My favorite dancer, “S”, loves being naked. She really and truly finds joy in being naked. She hangs out at “clothing optional” beaches. She wanders around her house naked. And even in the club, she seems more alive and happy when she’s got no clothing on.

…and I’m really comfortable around her. A large part of that, I believe, is the connection that comes from her being comfortable in her own skin.

Then, today, I read about Pedalpalooza, a celebration of bikes and bicycling. More importantly, I read about the World Naked Bike Ride.

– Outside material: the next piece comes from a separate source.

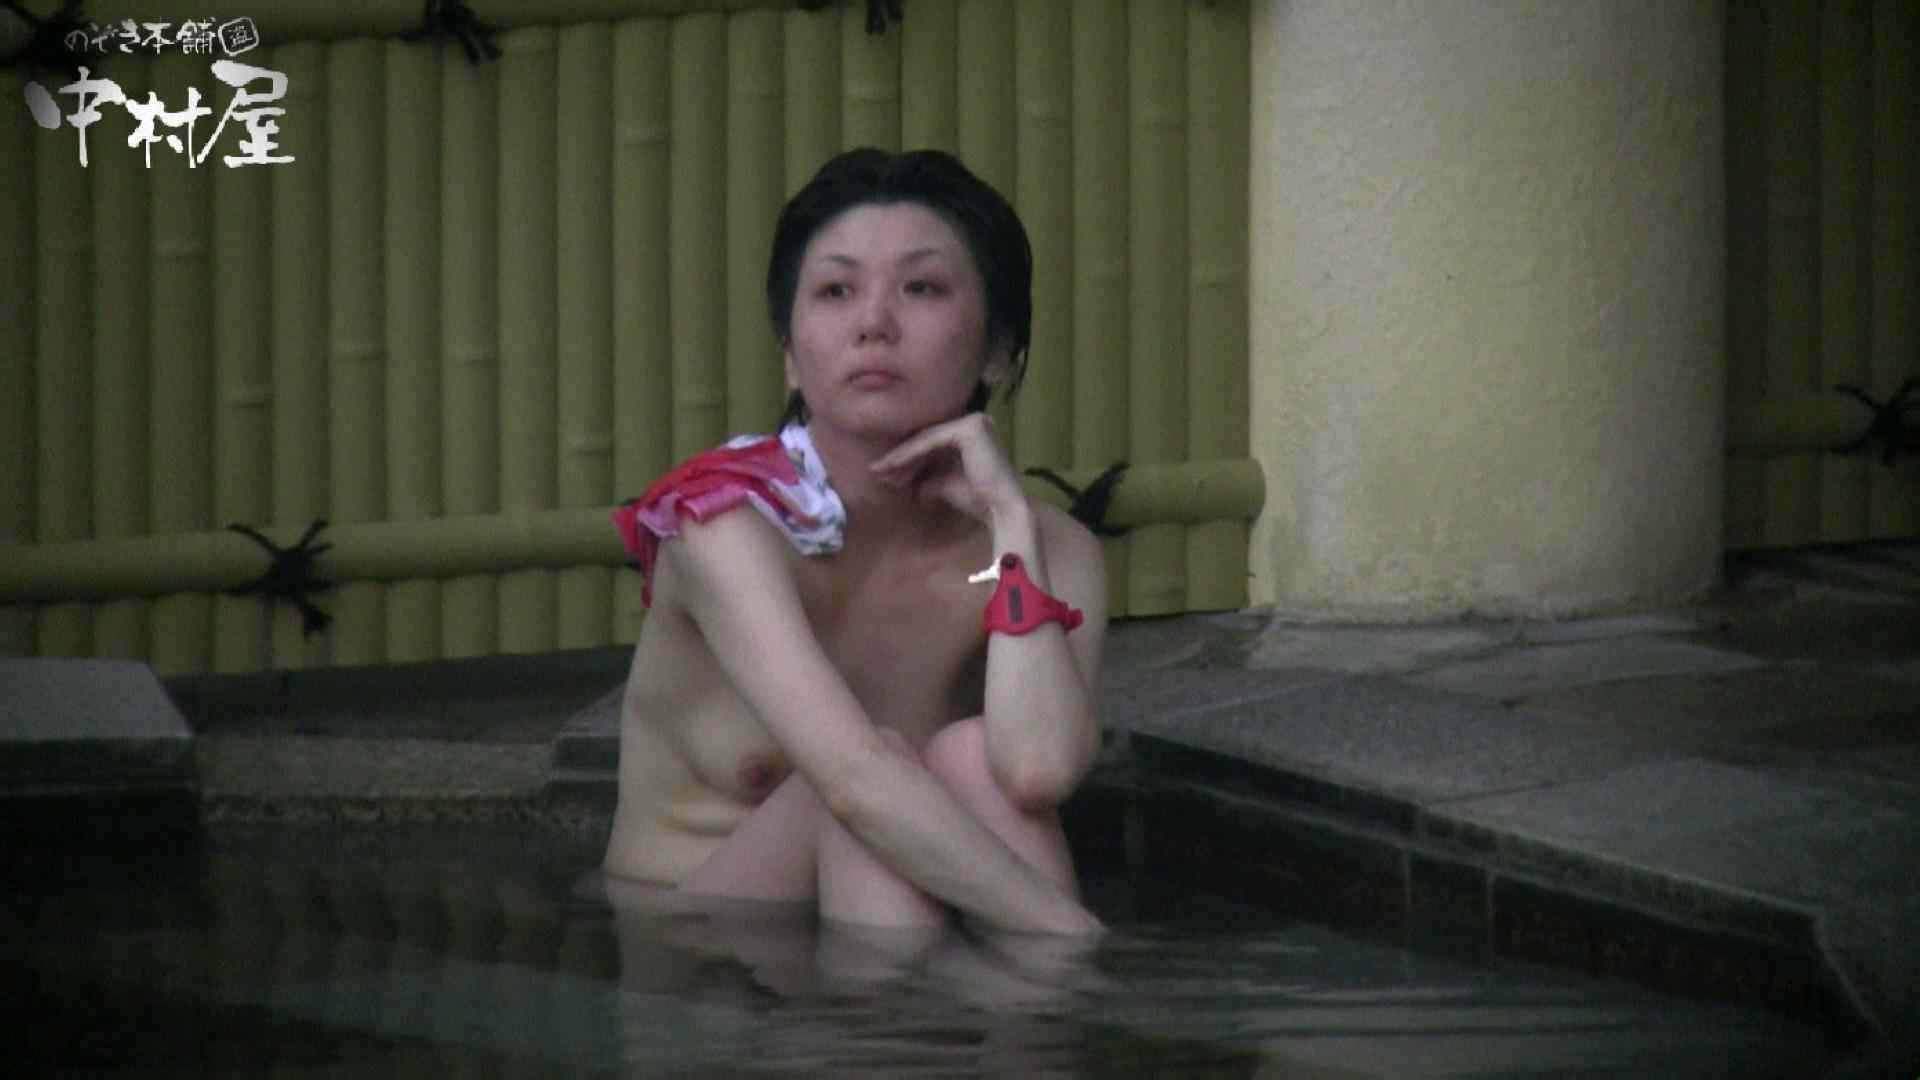 Aquaな露天風呂Vol.884 盗撮師作品  92pic 81

I’d read about it last year. There was a nighttime ride and a daytime ride. I’m a voyeur – I looked at the pictures, watched the videos (warning: NSFW). I had forgotten that it was an annual event until I saw it on some blog again today.

Talking to Tracy, I complained. I said, if only I had a bike, that sounds like fun.

Tracy called bullshit on me. She’s my best friend. She knows that I would never actually be naked in public.

Tracy was mostly right. Mostly, like 99.999997% right. I knew it. I didn’t argue with her. Much. The repressed parts of my brain (I’m sure there’s more than one because it seems like they gang up on me) were screaming and wailing at the very thought of being naked in a crowd of strangers while sitting on a bike in the Eastside Industrial District. I’m a 42-year old man, a man who is still overweight, a man whose ancestors were hairy people. I’m one of those guys that people joke about wearing a sweater when I take off my shirt. At a party in Mexico, slender hairless muscular Mexican men were calling me “Danny De Vito”. I don’t have great self-esteem when it comes to being naked.

But… I kinda wanted to try it. More accurately, I wanted to be the kind of guy who would try it. I wanted to be able to tell S., the next time I saw her, that I had, in fact, been naked in public. I wanted to be able to blog about it.

I’ve raced cars, both in formal settings and late night, on the streets. I’ve jumped from airplanes. I’ve walked around dangerous parts of New York City by myself. I have moshed. I’ve had an affair with a married womon and then become friends with the husband.

I can be brave. No, scratch that – I am brave.

So I made a deal with Tracy. First, I needed a bike.

My first thought was asking to borrow a bike. Ken is about my size and has a bike. I’d ask him if I could borrow… No. Tracy and I both cracked ourselves up. Ken is many things, but he’s got, shall we say, cleanliness issues. There is no way he would let me ride his bike while I was naked.

So the deal is this: if I can find a bike that fits my budget before Saturday night, I will ride in the Naked Nighttime Bike Ride, along with all the others. I run, I’m fit. A bike would complement my running nicely.

I allowed Tracy to come up with the consequence if I don’t do this. Her first thought shows that, one, she knows me very well, and, two, she has a subtle and devious mind.

I can’t run for a week.

Running is my therapy and my passion. Not running for a week would be pure psychological torture. It may sound odd to folks who don’t run, but, believe me… I would go crazy. Um… crazier.

And now, I’m blogging about it. I’m putting my reputation on the line. I will do this.

I will blast through the walls of my repression.

Plus I’ll have an awesome story to tell.

OK, time to read up on the tips for first-time naked cyclists… And if you’re wondering, no, riding naked is not illegal.